TASK DIRECTIONS —
The line containing "龍舌蘭科之翡翠盤 / Agave" marks the start. Restate it and every following line through the end of the records exactly, and nothing else, leaving out the pictures.

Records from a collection
== Segment start ==
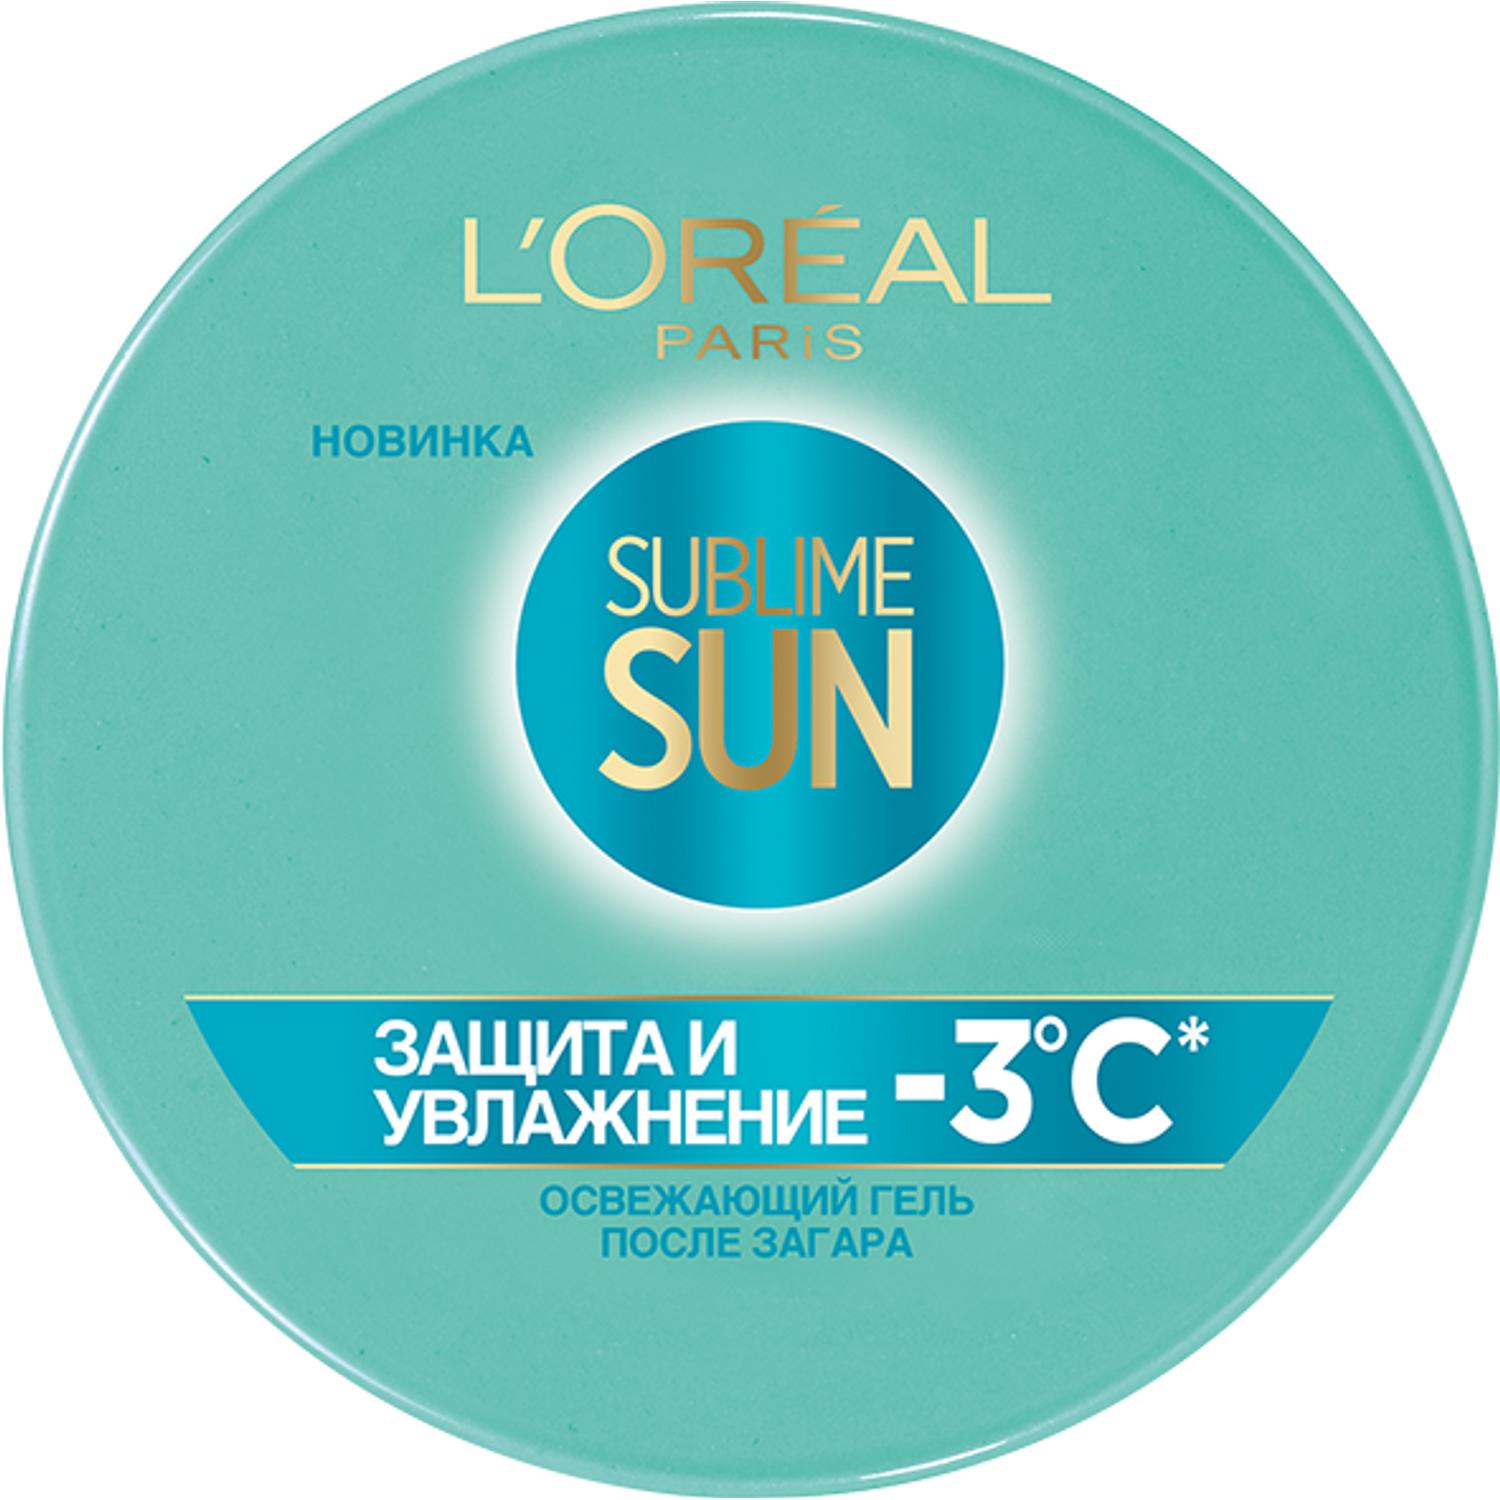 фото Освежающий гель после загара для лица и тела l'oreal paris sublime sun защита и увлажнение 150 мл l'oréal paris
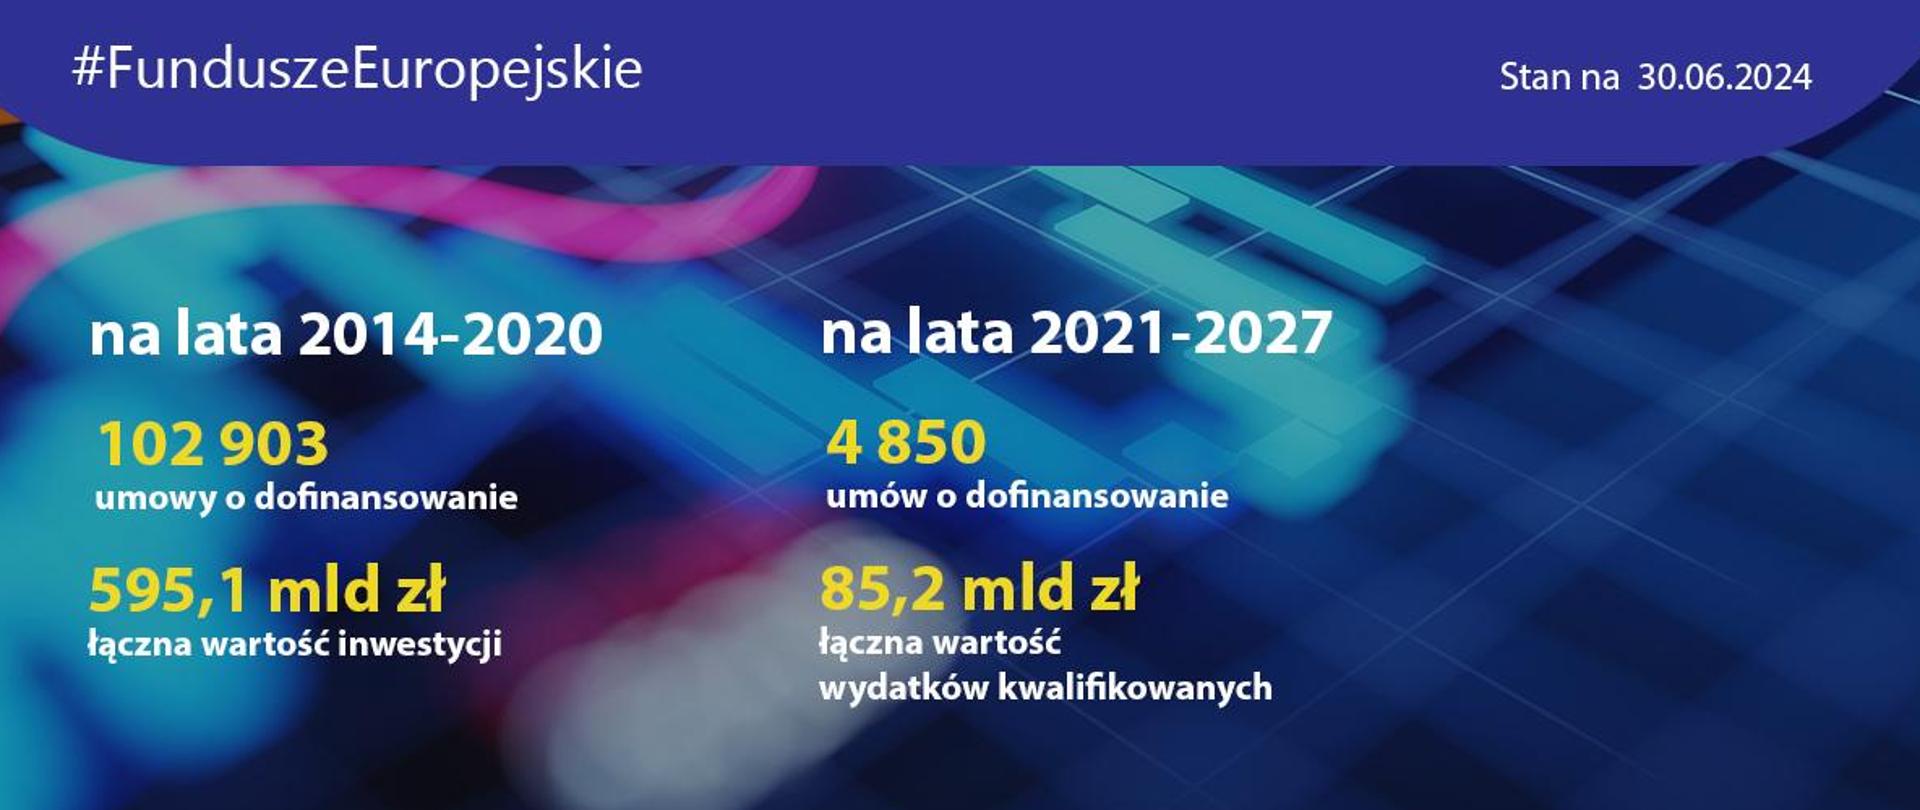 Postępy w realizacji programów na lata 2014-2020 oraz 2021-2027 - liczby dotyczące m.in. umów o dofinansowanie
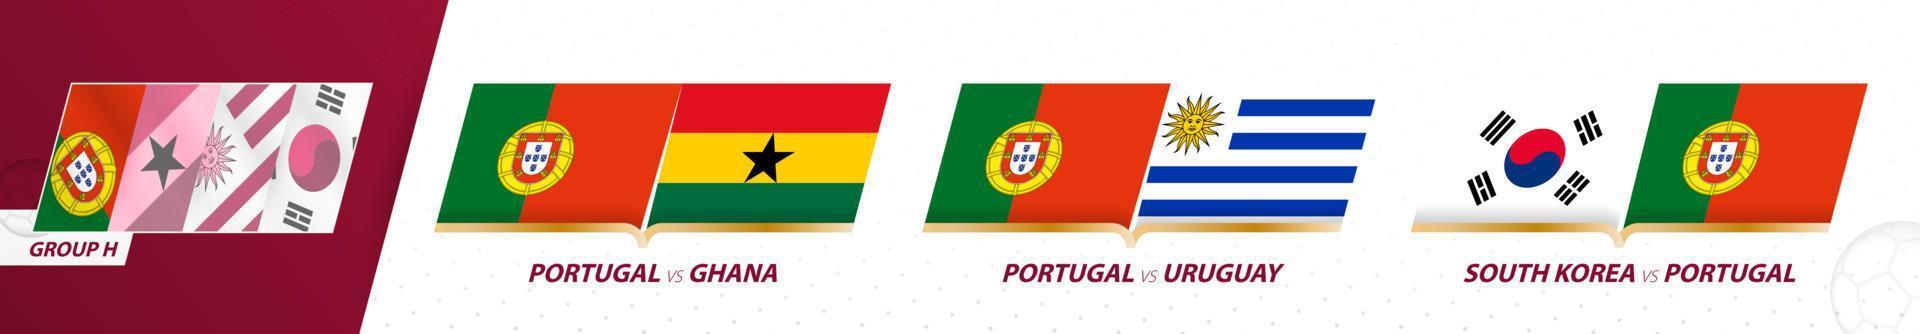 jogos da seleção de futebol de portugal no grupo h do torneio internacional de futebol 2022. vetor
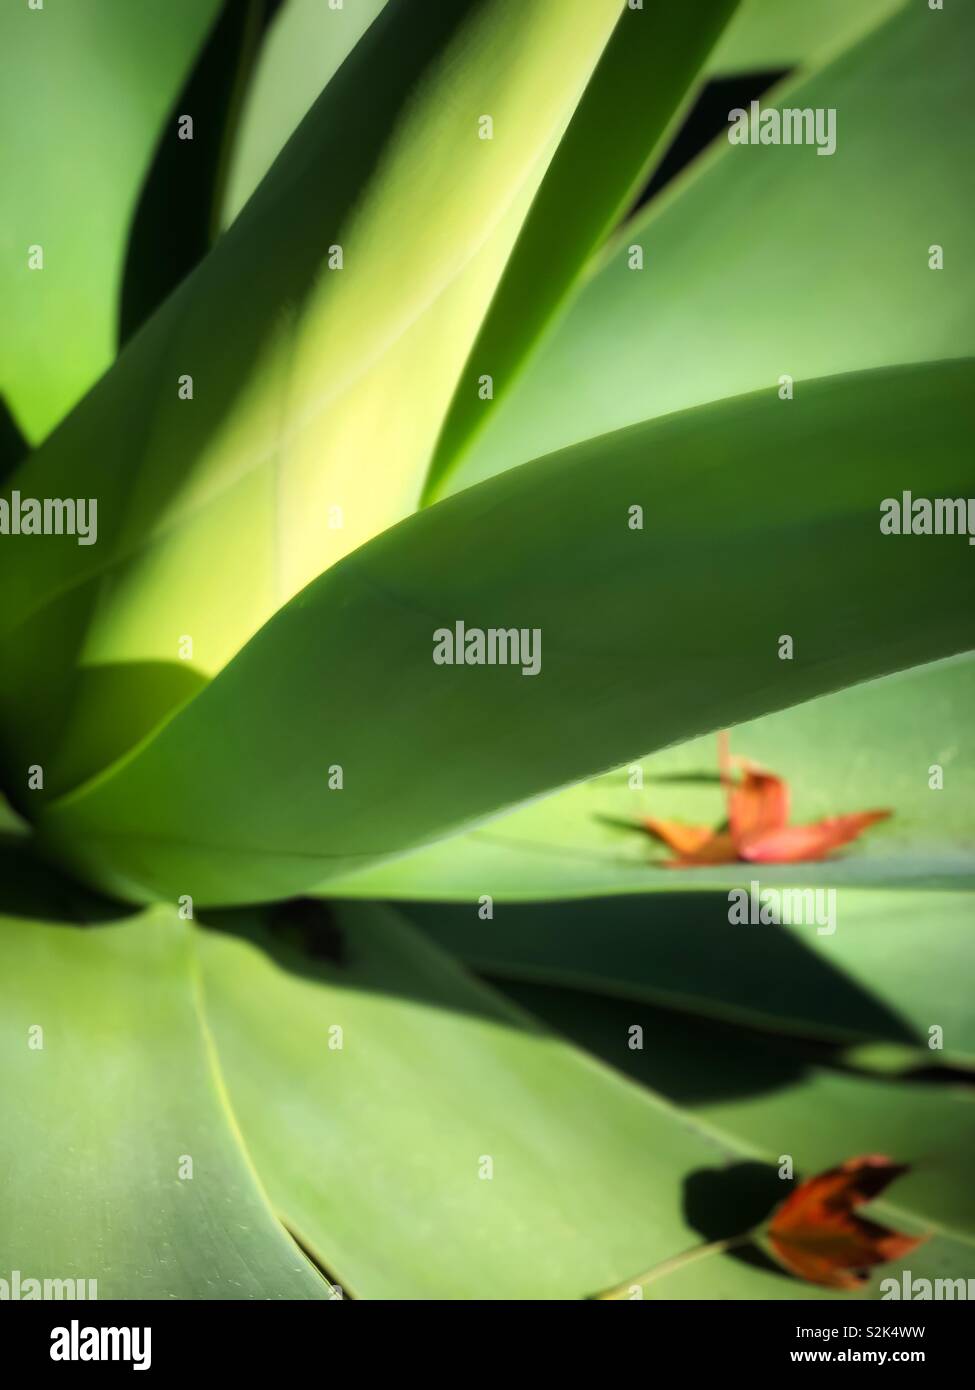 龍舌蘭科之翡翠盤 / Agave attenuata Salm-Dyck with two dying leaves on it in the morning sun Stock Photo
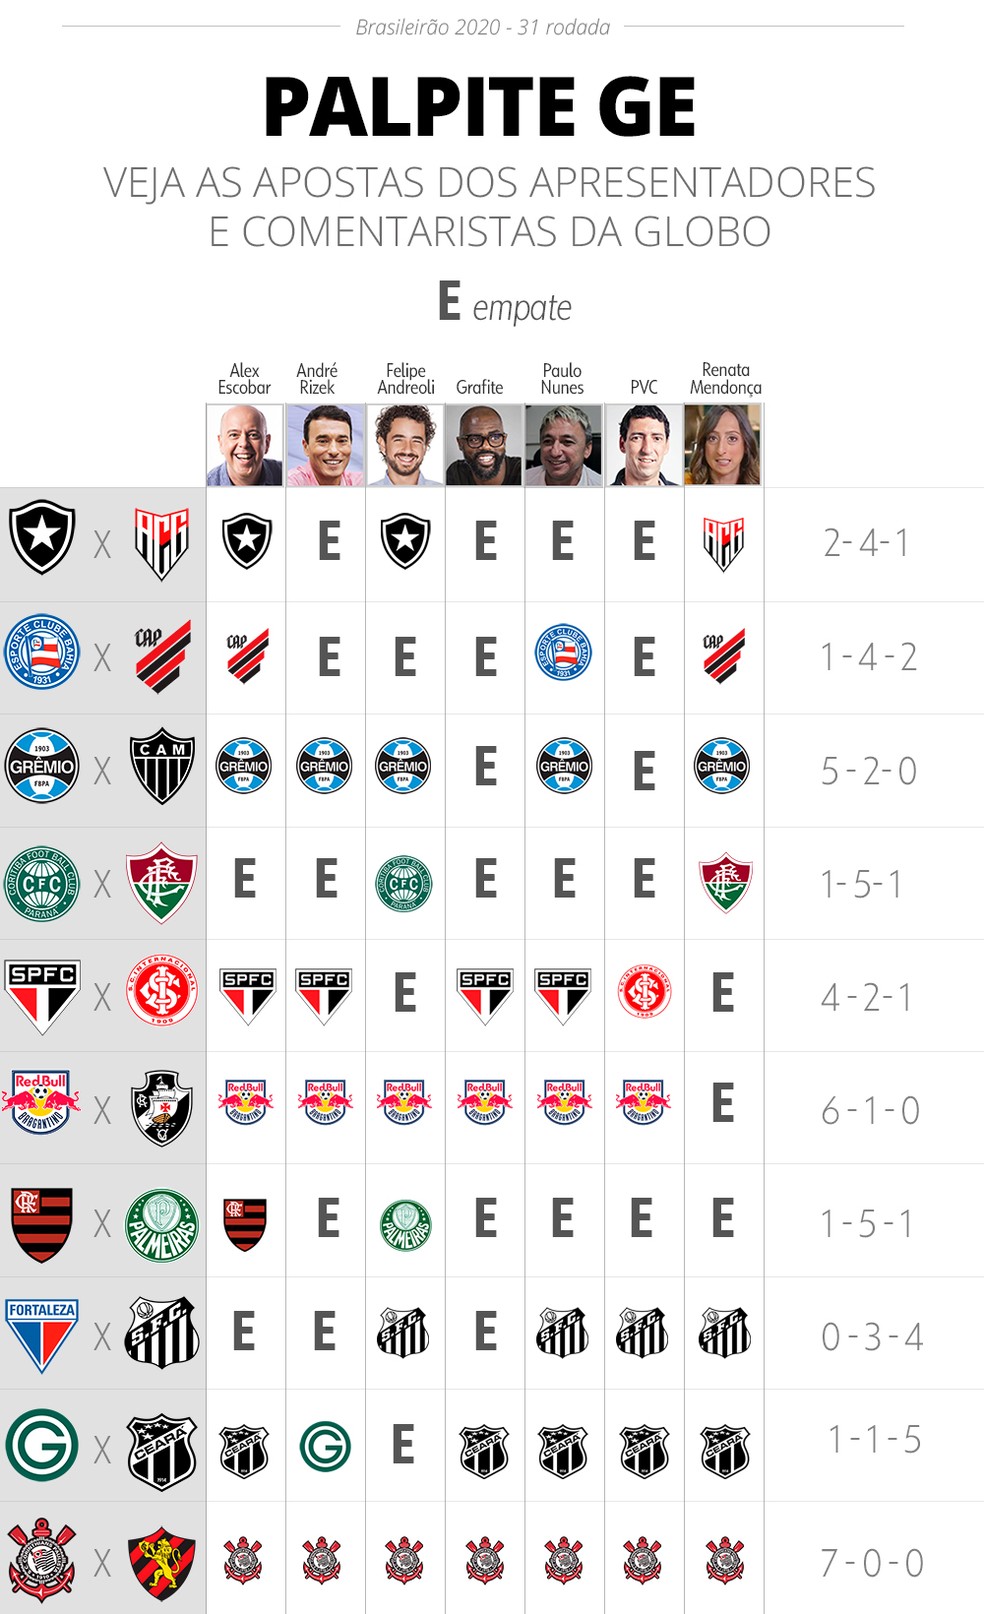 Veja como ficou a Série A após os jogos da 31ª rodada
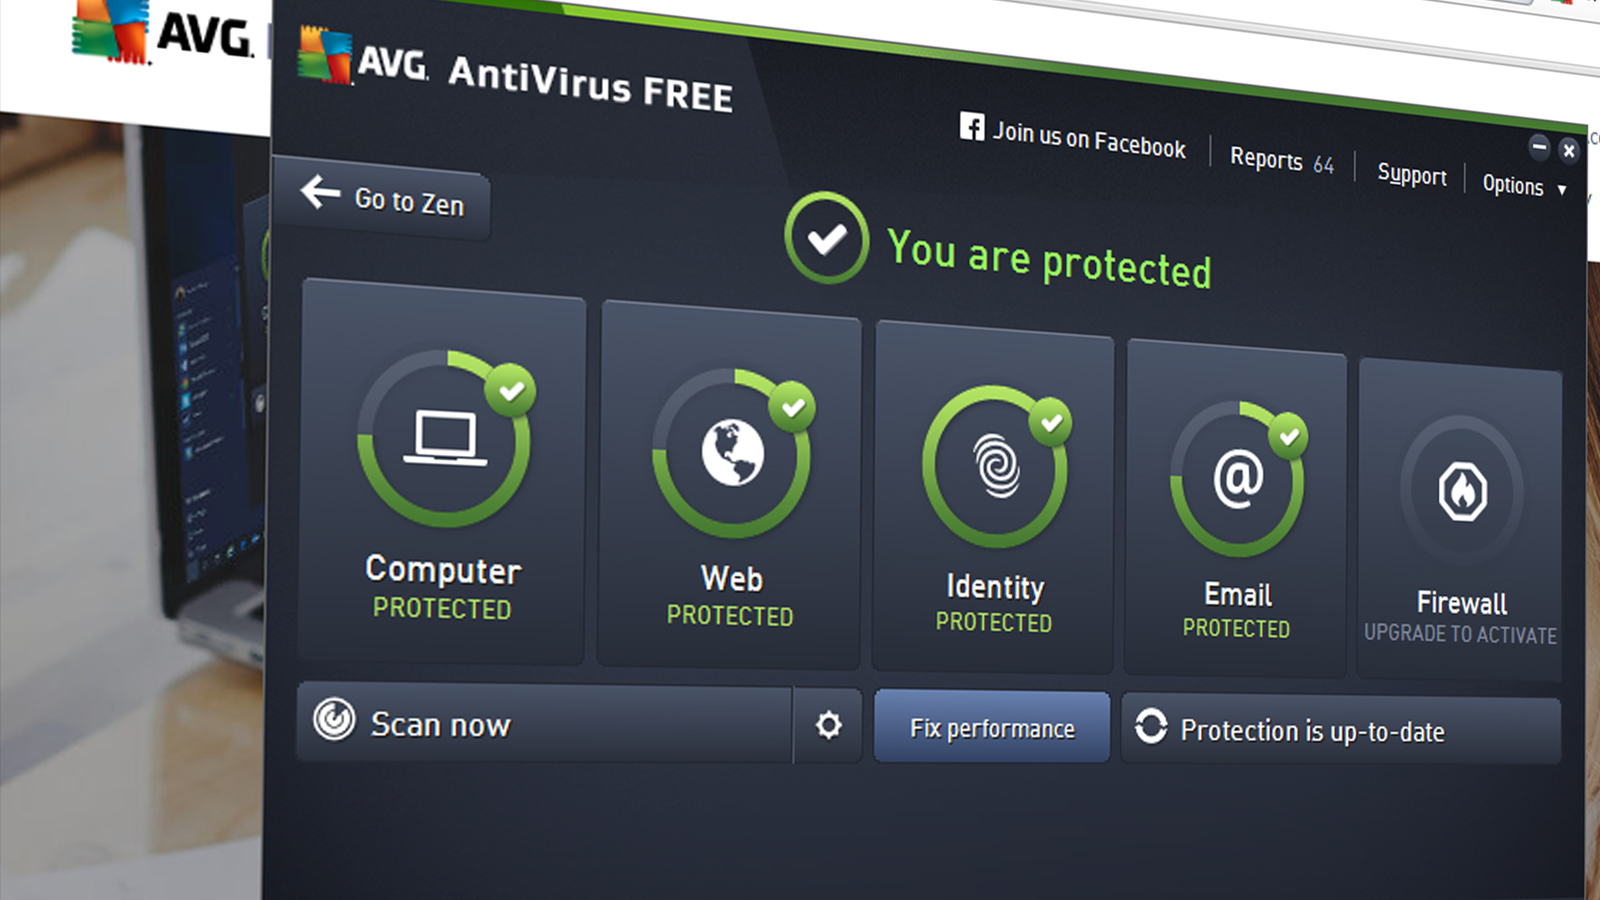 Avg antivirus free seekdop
== Segment end ==
RESULT —
 龍舌蘭科之翡翠盤 / Agave attenuata Salm-Dyck with two dying leaves on it in the morning sun Stock Photo
 Veja como ficou a Série A após os jogos da 31ª rodada
 Avg antivirus free seekdop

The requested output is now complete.